Per molti mesi non ho voluto interessarmi delle vicende portate alla luce dai documenti di Epstein, perché le trovavo rivoltanti. Non volevo capire, non osavo affacciarmi al baratro. La mente di un predatore sessuale e trafficante di bambine è così oscena e corrotta da essere insondabile per molti di noi. Non riusciamo a immaginare come un uomo, e addirittura una donna, possano compiere tali efferatezze su delle bambine, ed è per questo che riescono ad abusare segretamente delle loro vittime per tanto tempo.
Altrettanto oscena è la connivenza dei potenti, di chi sapeva ma ha coperto i criminali per proprio tornaconto, per avanzamento di carriera, o paura di ritorsioni. L’FBI parlò per ben quattro volte con una donna che aveva, in modo convincente, accusato il Presidente di averla stuprata quando era minorenne. Le sue interviste, presenti nei file di Epstein, sono state rimosse dal sito del Ministero di Giustizia americano, secondo il reporter del “Daily Beast” Roger Sollenberg.
Sono stati invece rilasciati a bella posta documenti che potrebbero danneggiare il partito democratico (foto di Bill Clinton, email di Larry Sommers). I senatori e deputati alla quasi unanimità avevano votato la Legge di Trasparenza che ha obbligato il Presidente a firmare il rilascio di tutti i file, ma la ministra Pam Bondi ha esposto solo i nomi delle vittime, mentre quelli dei loro carnefici sono oscurati. Parlamentari bi-partisan sono riusciti a scoprire nomi di alcuni implicati nel Ring, l’anello di predatori e trafficanti di bambine che ha coinvolto mezzo mondo. I paesi che hanno aperto indagini su questo abisso sono: Francia, Turchia, Gran Bretagna, Polonia, Lituania, Norvegia, Lettonia, Australia, Macedonia, Svezia. Una rete globale. Un crimine contro l’umanità, il più abietto. Secondo l’ONU, furono trafficate e violate almeno 1.200 vittime.
Quasi nulla è stato svelato sugli uomini, ricchissimi e potenti, che facevano base a New York, a Palm Beach, a Zorro Ranch in New Mexico, alle Isole Vergini. Nessuno osa far nomi per non essere accusato di diffamazione dal Ministero di Giustizia americano, che non ha aperto alcuna indagine, anzi, sembra coprire e insabbiare, perché vari personaggi coinvolti nei documenti Epstein fanno parte dell’amministrazione Trump, del suo stesso Gabinetto, che resta unito intorno alla paura di essere esposti come incompetenti, corrotti e forse compagni di merende dell’Innominato.

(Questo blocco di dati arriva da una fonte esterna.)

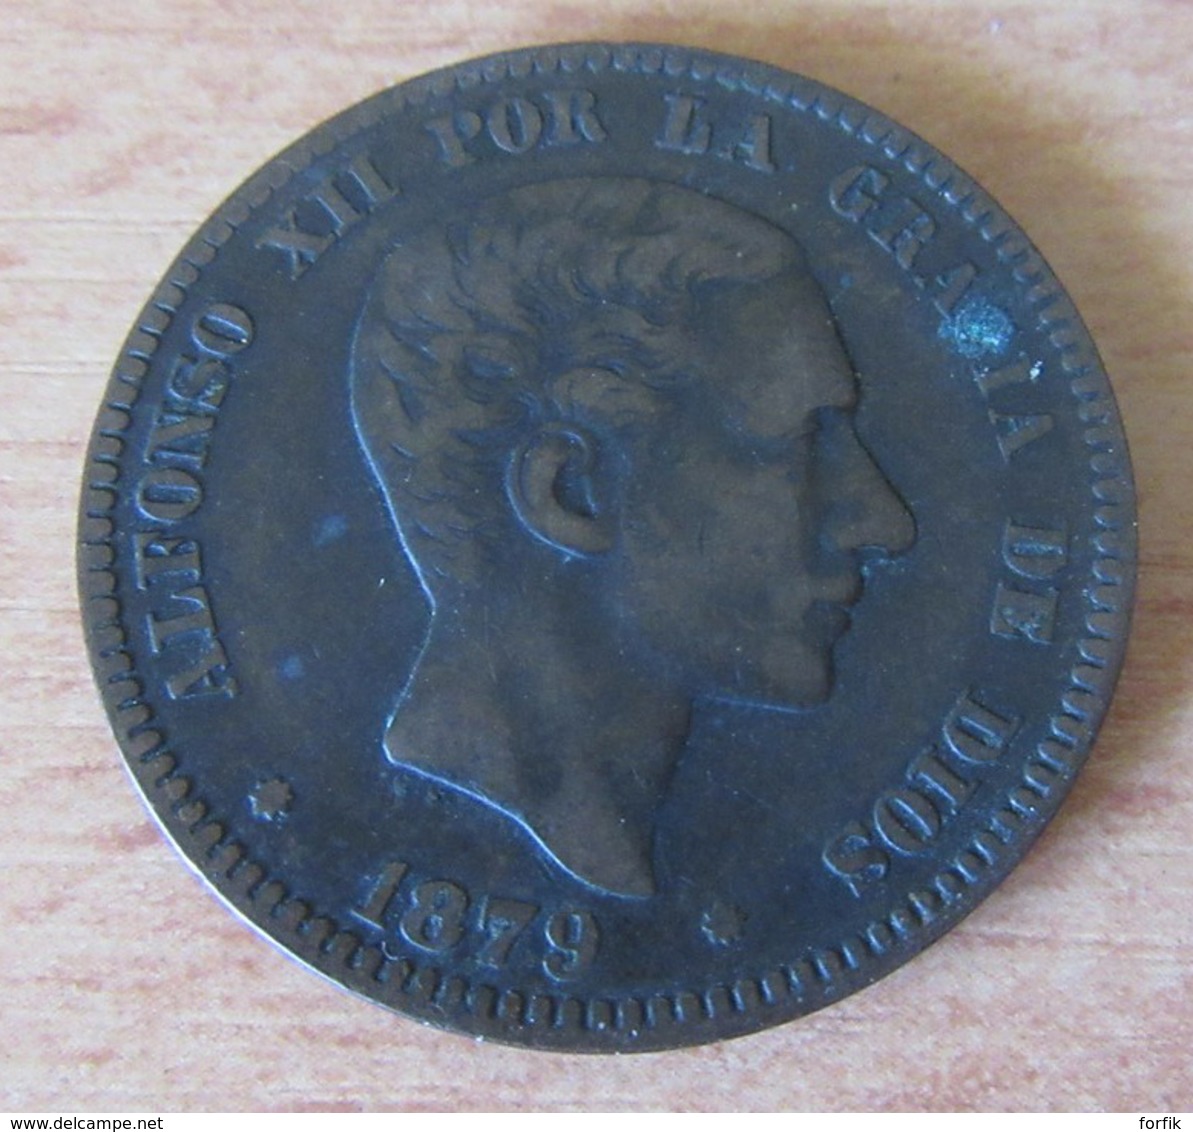 Espagne / Espana - Monnaie Diez (10) Centimos Alfonso XII 1879 OM - Primeras Acuñaciones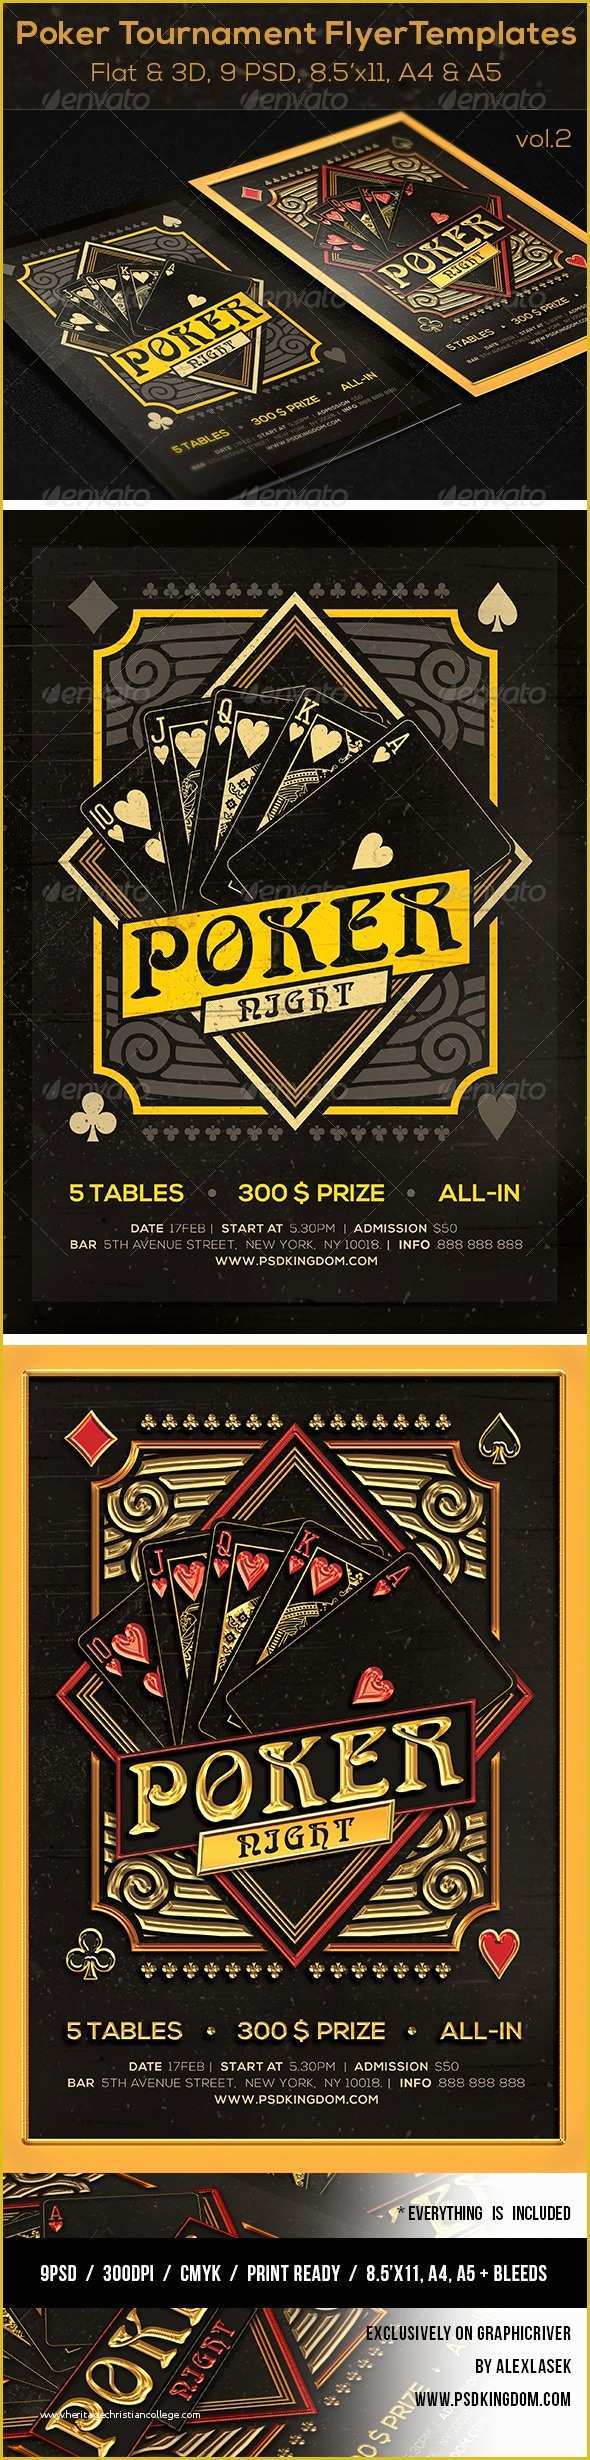 Poker tournament Flyer Template Free Of Poker tournament Poster Template Free software Free Download

Questa complicità è il collante che rende pericolosa ogni defezione. Il coraggioso deputato repubblicano Thomas Massie, che ha fatto approvare la Legge di Trasparenza, ha dichiarato in TV: “Non ho tendenze suicide”. Si riferisce ad Epstein, morto in carcere “suicida”, in circostanze sospette. Massie ha rinominato la Casa Bianca “l’Amministrazione Epstein”, la “Classe di Epstein”. Sono gli amici miliardari che hanno finanziato la campagna elettorale del Presidente, ma anche ministri del suo Gabinetto, presenti in foto e file di Epstein: Howard Lutnick (ministro del Commercio), Kennedy Jr. (ministro della Sanità), Elon Musk (DOGE), Steve Bannon (ex-capo stratega Casa Bianca nel primo mandato), Peter Thiel, Bill Gates, il Principe Andrea, il sultano Ahmed bin Sulayem (Dubai), a cui Epstein scrisse in email: “Mi è piaciuto il video della tortura”.
Tutti i narcisisti psicopatici che il Presidente ha riunito nella sua amministrazione si comportano come se non temessero conseguenze giudiziarie alle loro azioni illegali. Soffrono di manie di grandezza e invincibilità, come il loro capo, e come lui insultano chiunque osi far loro domande sulle vittime di Epstein. La Ministra di Giustizia Pam Bondi ha coperto di insulti i membri del Congresso che la interrogavano, sotto giuramento, sugli impuniti pedofili che lei e la Casa Bianca non vogliono rivelare. L’intento immediato della sua arroganza era di non rispondere alle domande per non incorrere in spergiuro. Ma la sua sfrontatezza verso i parlamentari è inquietante, perché mostra che Bondi non teme nulla, come fosse certa che nessuno la processerà, perché il Presidente non lascerà mai la Casa Bianca. Timothy Snyder definisce i documenti di Epstein “l’elenco dei graziati da Trump”.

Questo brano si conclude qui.